So I recently began studying about Riemannian manifolds from Boothby's text on differential geometry and I've been banging my head over a certain issue. Let $M$ be a Riemannian manifold and $\Phi$ be the Riemannian metric. Then given a smooth immersion $p:(\alpha,\beta) \to M$, one can define the arc-length of this curve, say from a fixed point $p(a)$ to a varying point $p(t)$ as $$s = L(t) = \int_{a}^t\sqrt{\Phi(\frac{dp}{dt},\frac{dp}{dt})}dt$$
My doubt is in the following passage, which is from the text verbatim: "within a single coordinate neighbourhood $(U,\varphi)$, with coordinate frames $E_{1p},\dots,E_{np}$, we have $\Phi(E_{ip},E_{jp}) = g_{ij}(x)$, where $\varphi(p) = x = (x^1,\dots,x^n)$; and the curve is given by $\varphi(p(t)) = (x^1(t),\dots,x^n(t))$, so that $L(t)$ becomes $$s = L(t) = \int_{a}^t\left( \sum g_{ij}(x(t))\frac{dx^i}{dt}\frac{dx^j}{dt} \right)^{\frac{1}{2}}dt$$ This leads to the frequently used abbreviation $$ds^2 = \sum_{i,j = 1}^ng_{ij}(x)dx^idx^j$$ for the Riemannian metric[This formula can be later interpreted in terms of tensor products] "

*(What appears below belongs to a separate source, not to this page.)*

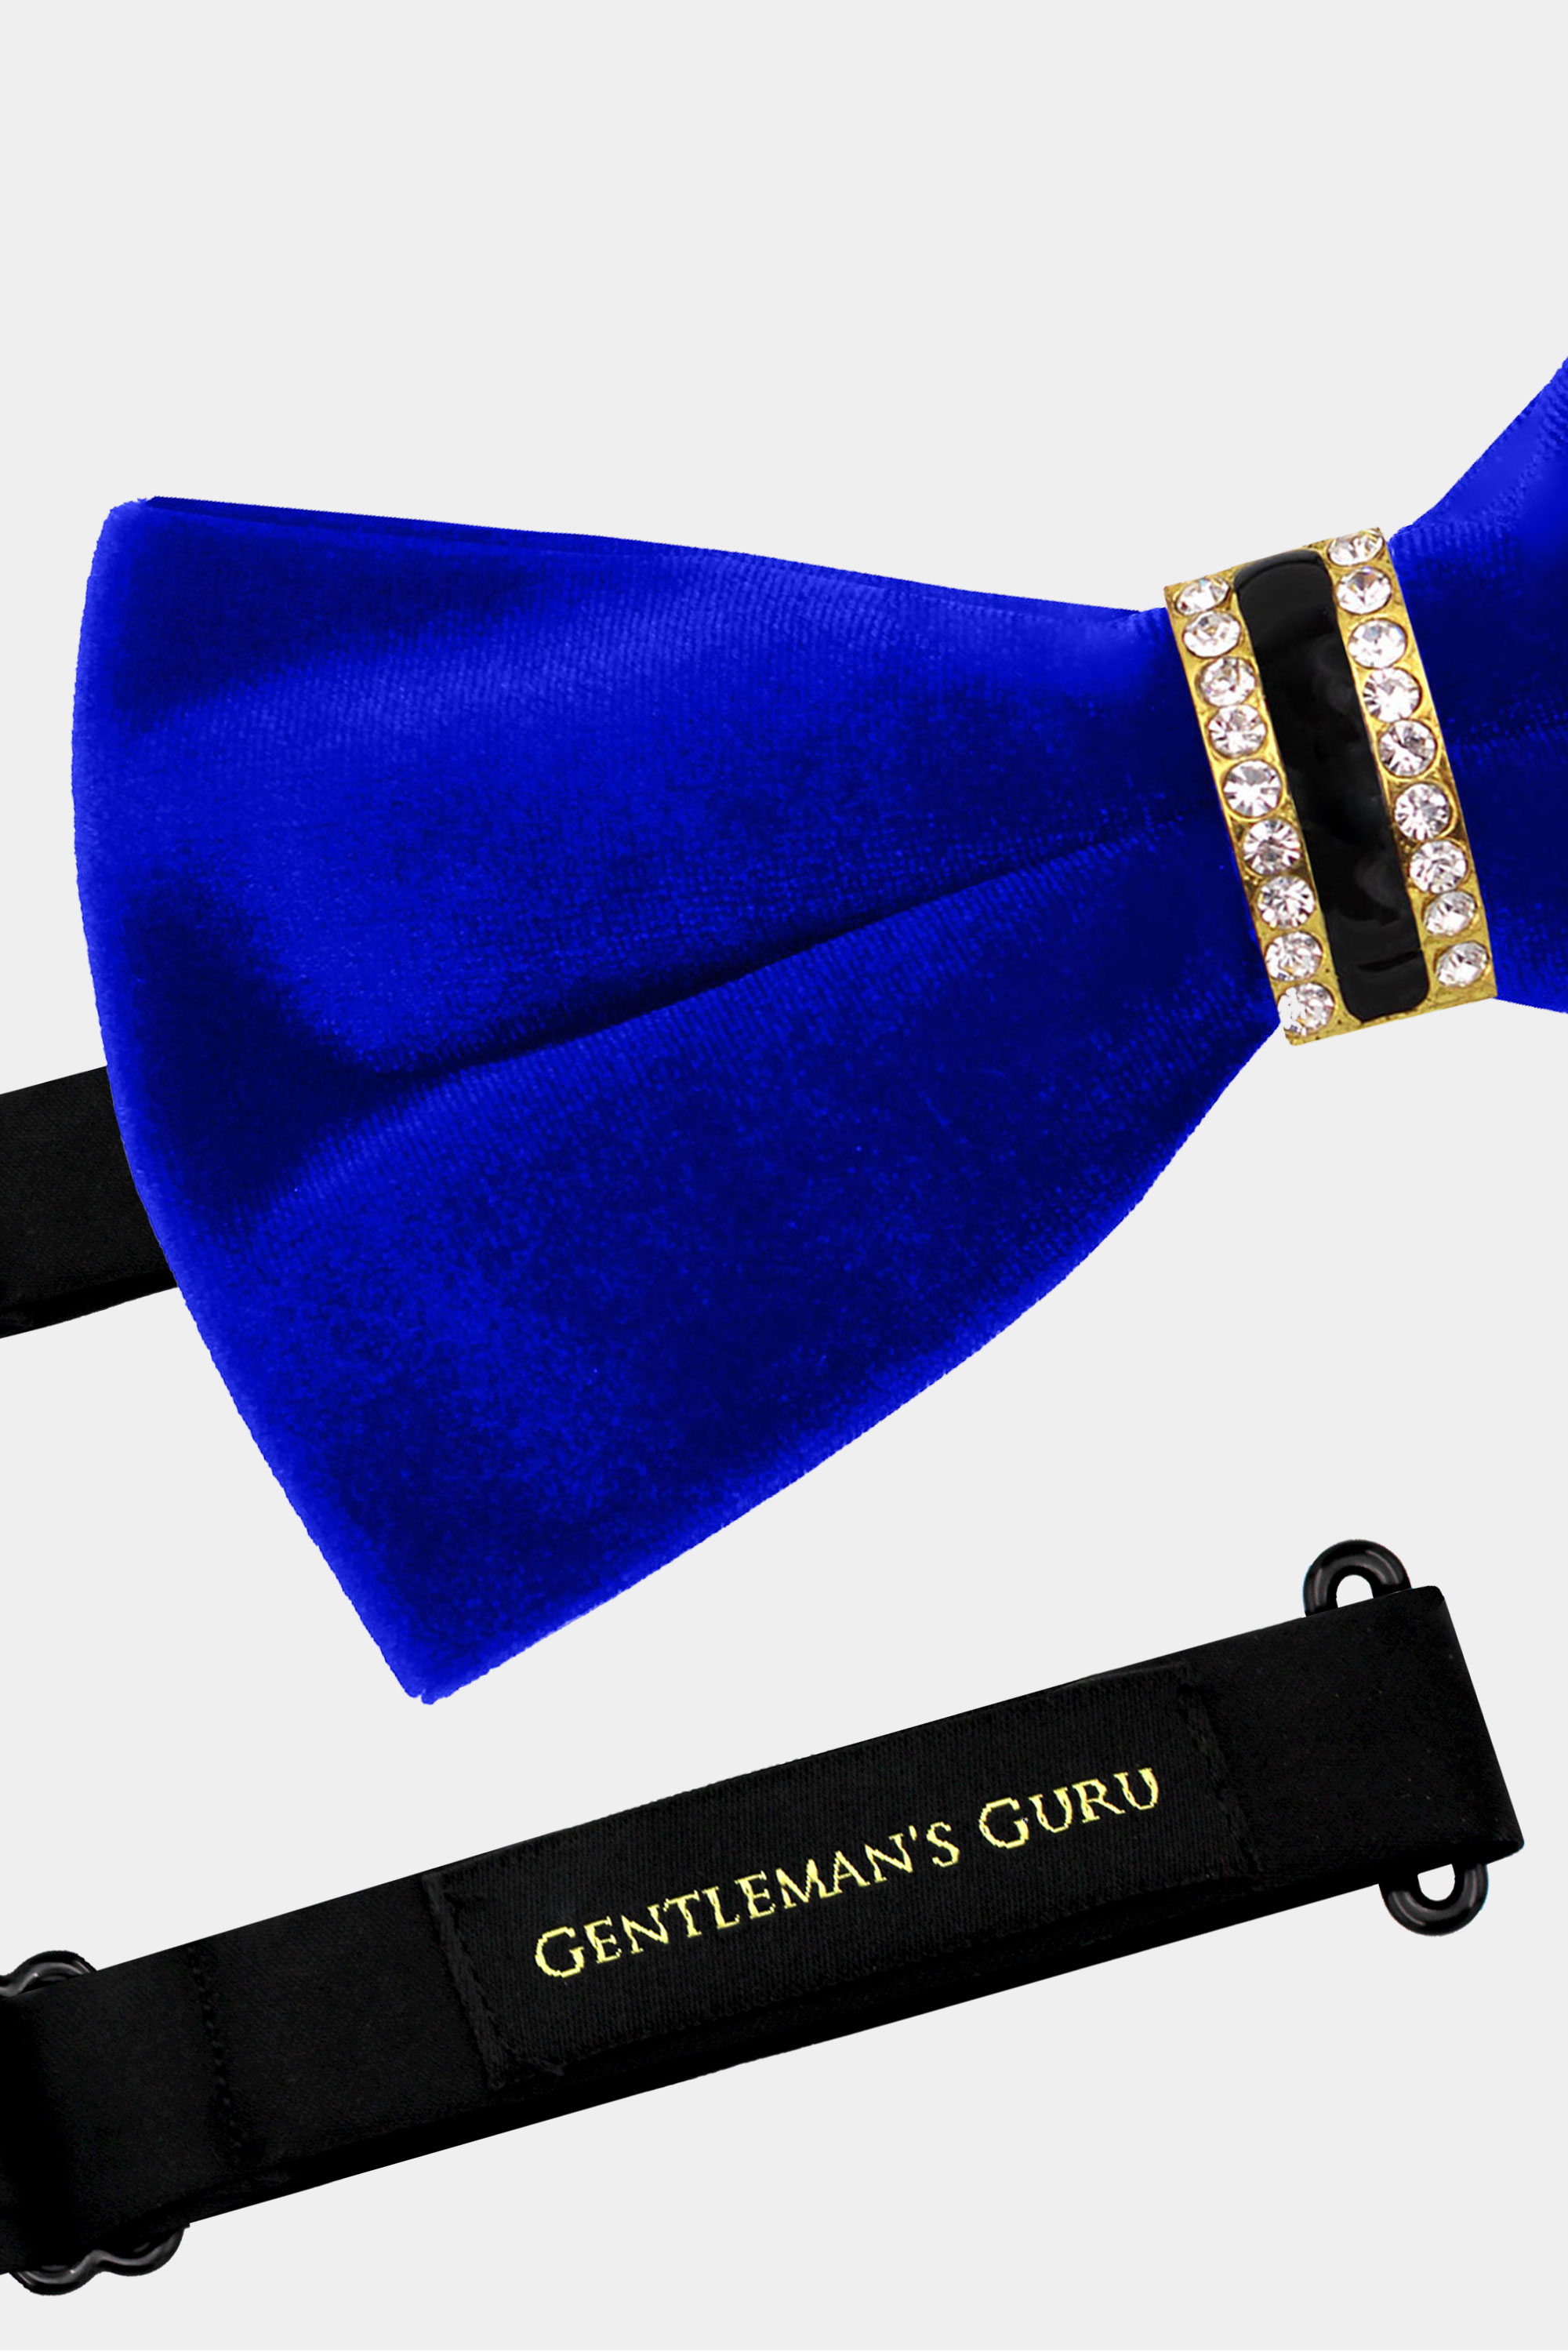 Crystal-Royal-Blue-Velvet-Bow-Tie-from-Gentlemansguru.com

I do not understand how you get the first expression for $L(t)$; I know multilinear algerba but I'm not able to "see" the last assertion.
The idea is following: You can always rewrite a curve $p:(\alpha,\beta)\rightarrow M$ with the parametrisation $F$, that gives back the given coordinate frame:
$$p=F\circ x$$
with $$x =F^{-1}\circ p$$By using the chain rule, you get
$$\frac{dp}{dt}=\langle (\operatorname{grad} F)\circ x,\frac{dx}{dt}\rangle=\sum_{j=1}^n\frac{dx^j}{dt}\frac{\partial F}{\partial x^j}\circ x=\sum_{j=1}^n\frac{dx^j}{dt}E_{jp}$$
Therefore
$$\Phi\Big(\frac{dp}{dt},\frac{dp}{dt}\Big)=\sum_{i=1}^n\sum_{j=1}^n\frac{dx^i}{dt}\frac{dx^j}{dt}\cdot \Phi \Big( E_{ip},E_{jp} \Big)=\sum_{i=1}^n\sum_{j=1}^n\frac{dx^i}{dt}\frac{dx^j}{dt}\cdot g_{ij}(x)$$
Now you just do it the other way around: You do not think about the parametrisation, but about the given components $x^j$ and a given riemannian metric $\Phi$, which gives you the expression
$$\Phi\Big(\frac{dp}{dt},\frac{dp}{dt}\Big)$$
by calculating
$$\sum_{i=1}^n\sum_{j=1}^n\frac{dx^i}{dt}\frac{dx^j}{dt}\cdot g_{ij}(x)$$